Data Engineering for the Modern Enterprise

data engineering thesis

KDNuggets, a community site for data professionals, ranked “ We Don’t Need Data Scientists, We Need Data Engineers ,” by Mihail Eric, a venture capitalist, researcher, and educator, as its top story of 2021. This sentiment holds even more true today, especially with the unending rush to leverage both generative and predictive AI within enterprise operations. Without the right kind of data, AI is dead in the water.

Data engineering—which includes not only data engineers by title but also their counterparts in adjacent fields such as database administration, management, architecture, and analysis—will ensure that AI initiatives are kept alive, well, and thriving. Accordingly, data engineers have risen to become the new stars in the AI-driven organization. For the purposes of this article, we assign roles in data engineering across a cluster of data professional categories. Collectively, as part of an overall data engineering team, these professionals are setting the tone and providing the guidance needed for developing fair, accurate, and business-viable AI models.

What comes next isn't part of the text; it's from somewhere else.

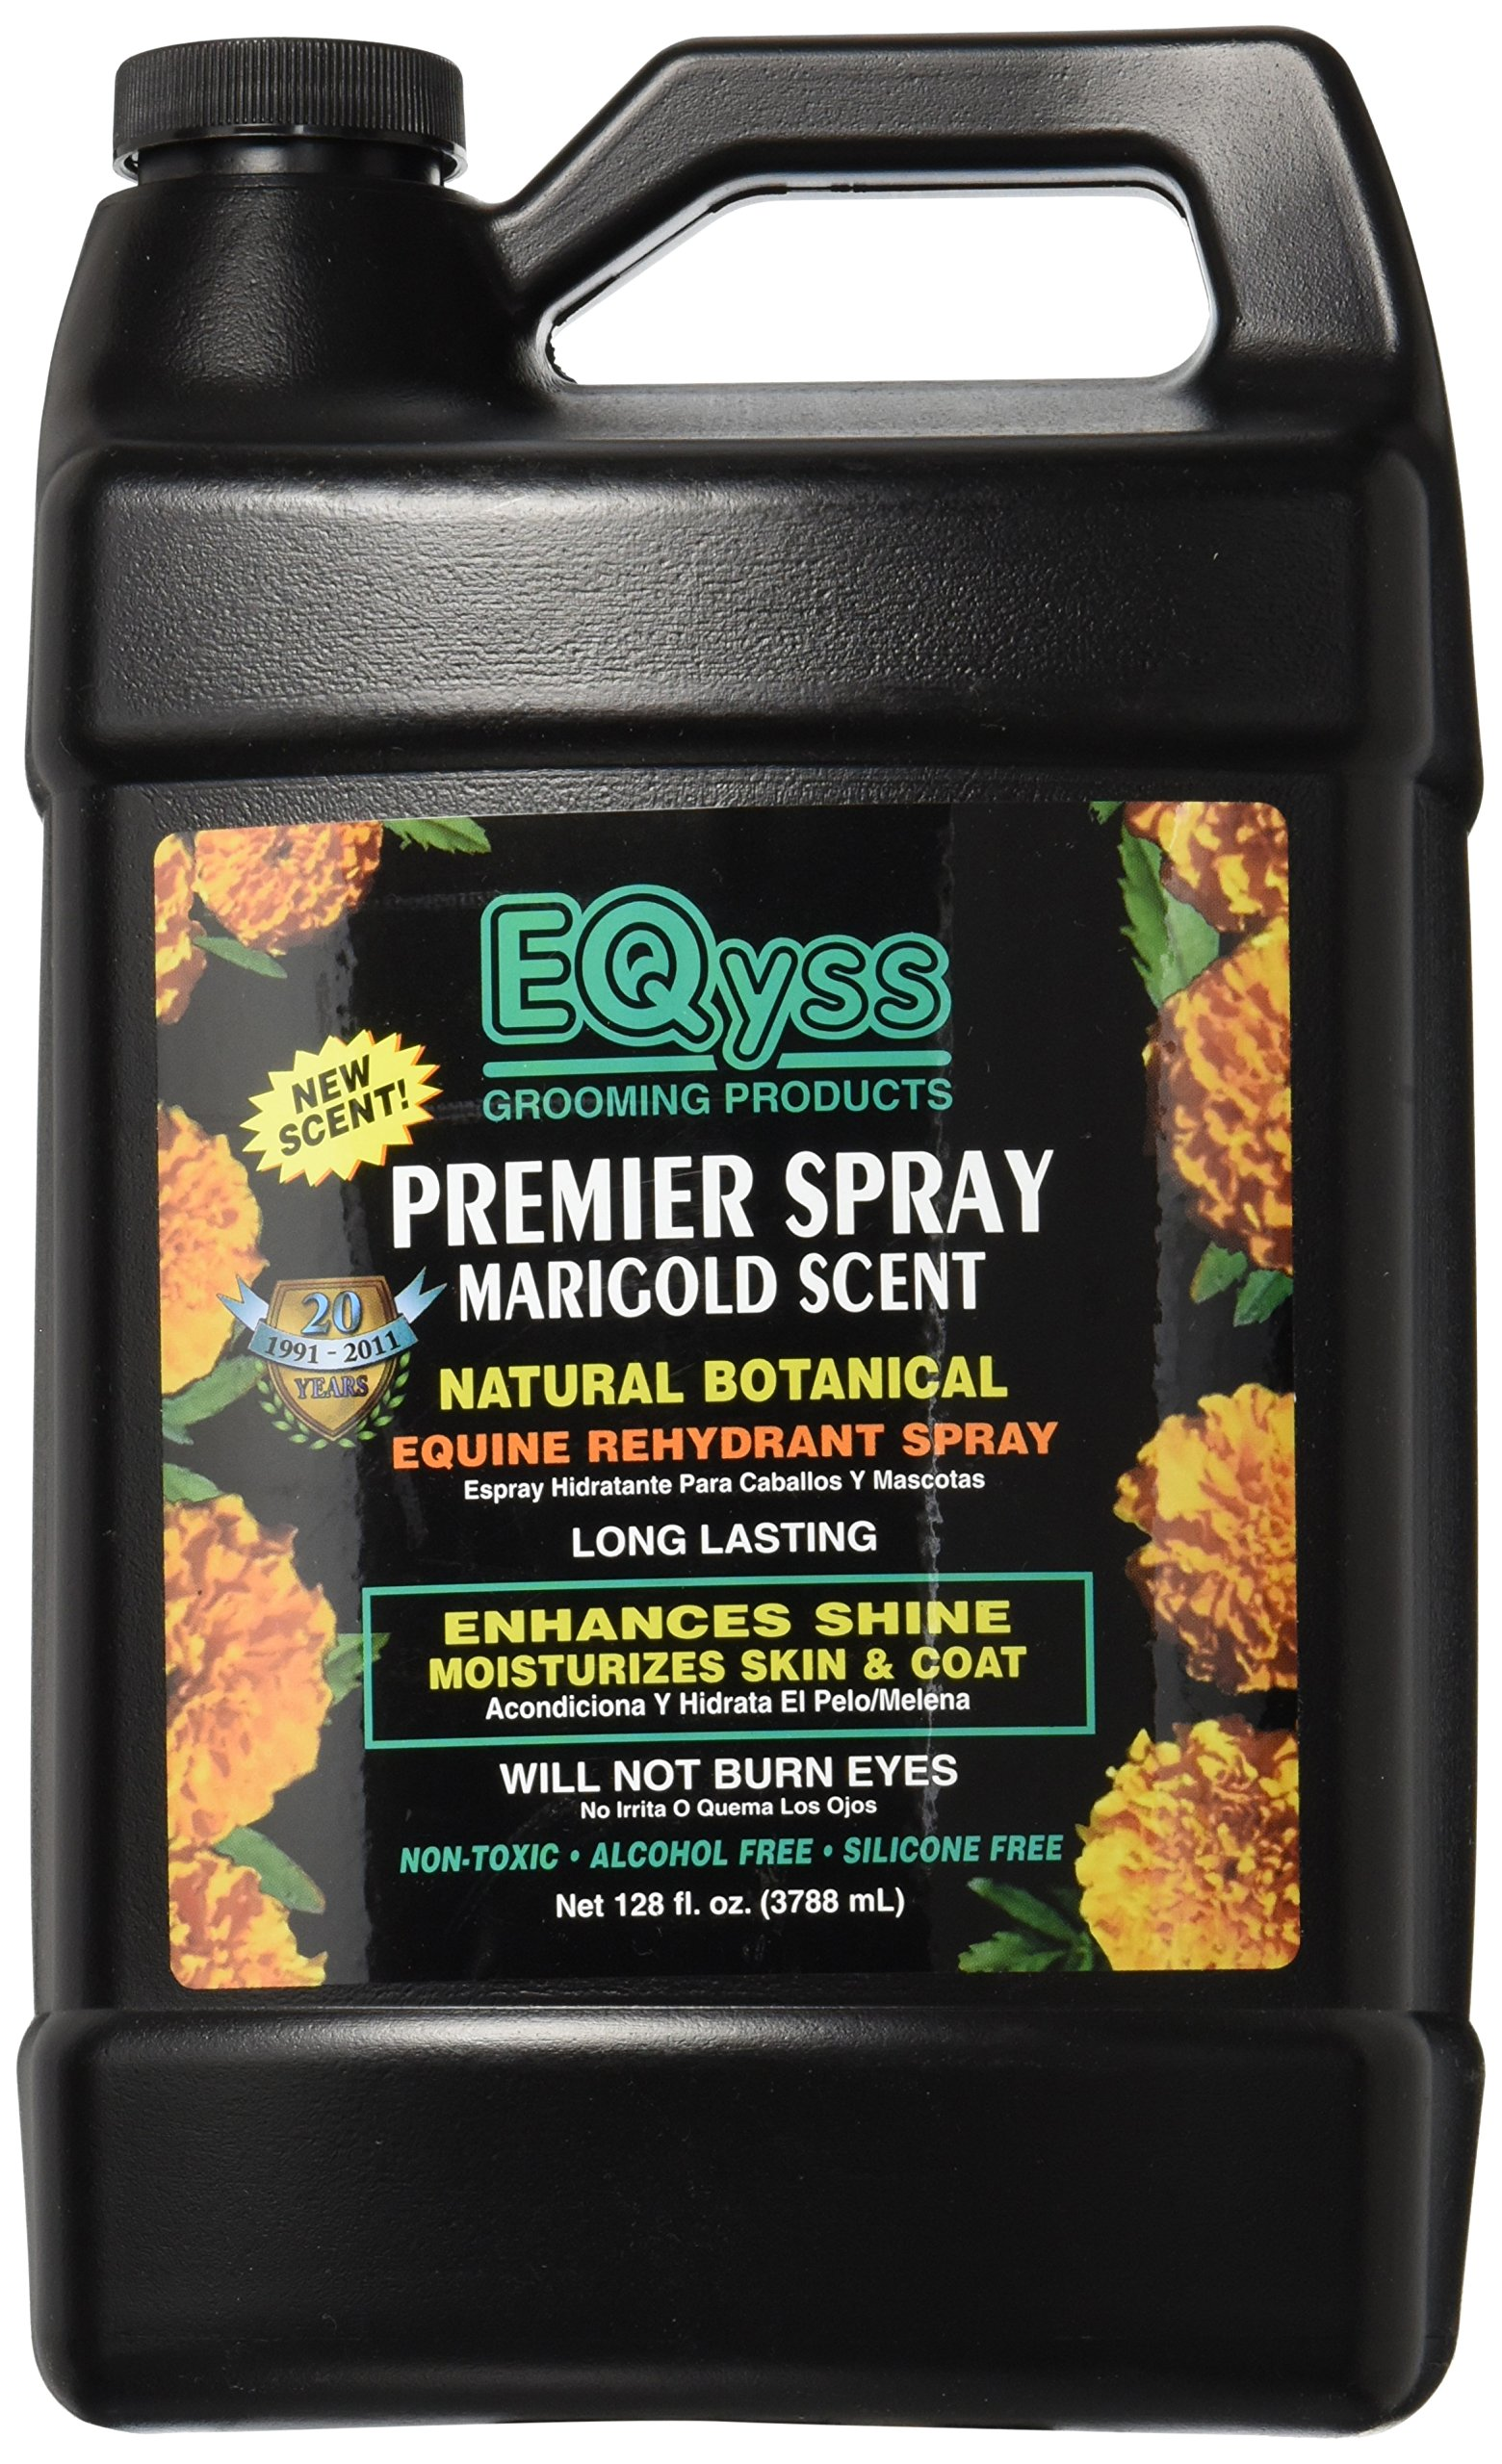 EQyss Premier Spray Marigold Scent 128 oz

Everyone wants to embrace AI-related large language models in a big way, which only means more demand for data engineering. As a professional category, data engineers are essential, because in many cases, data scientists have been tasked with vetting and managing data resources, which diverts their time and resources away from building data-driven narratives for their businesses. In addition, since AI algorithms are tremendous data hogs, organizations need vibrant data pipelines to maintain the effectiveness of their AI efforts. 

This is fueling significant shifts in the practice and theory of data engineering. Demand for real-time, AI-ready data is creating new challenges and opportunities for those in data engineering and adjacent fields such as database administration, management, and analysis. In the process, data engineering has entered the spotlight as enablers of the 21 st -century enterprise.

This also requires more business savvy as part of the data engineering skills mix. Conversely, business teams need to have a better understanding of their data, and what it can do for their organizations. “Data practitioners are being asked to expand their knowledge of the business—while functional teams are finding they require their own internal data expertise to leverage their data,” a recent report from MIT Technology Review Insights states.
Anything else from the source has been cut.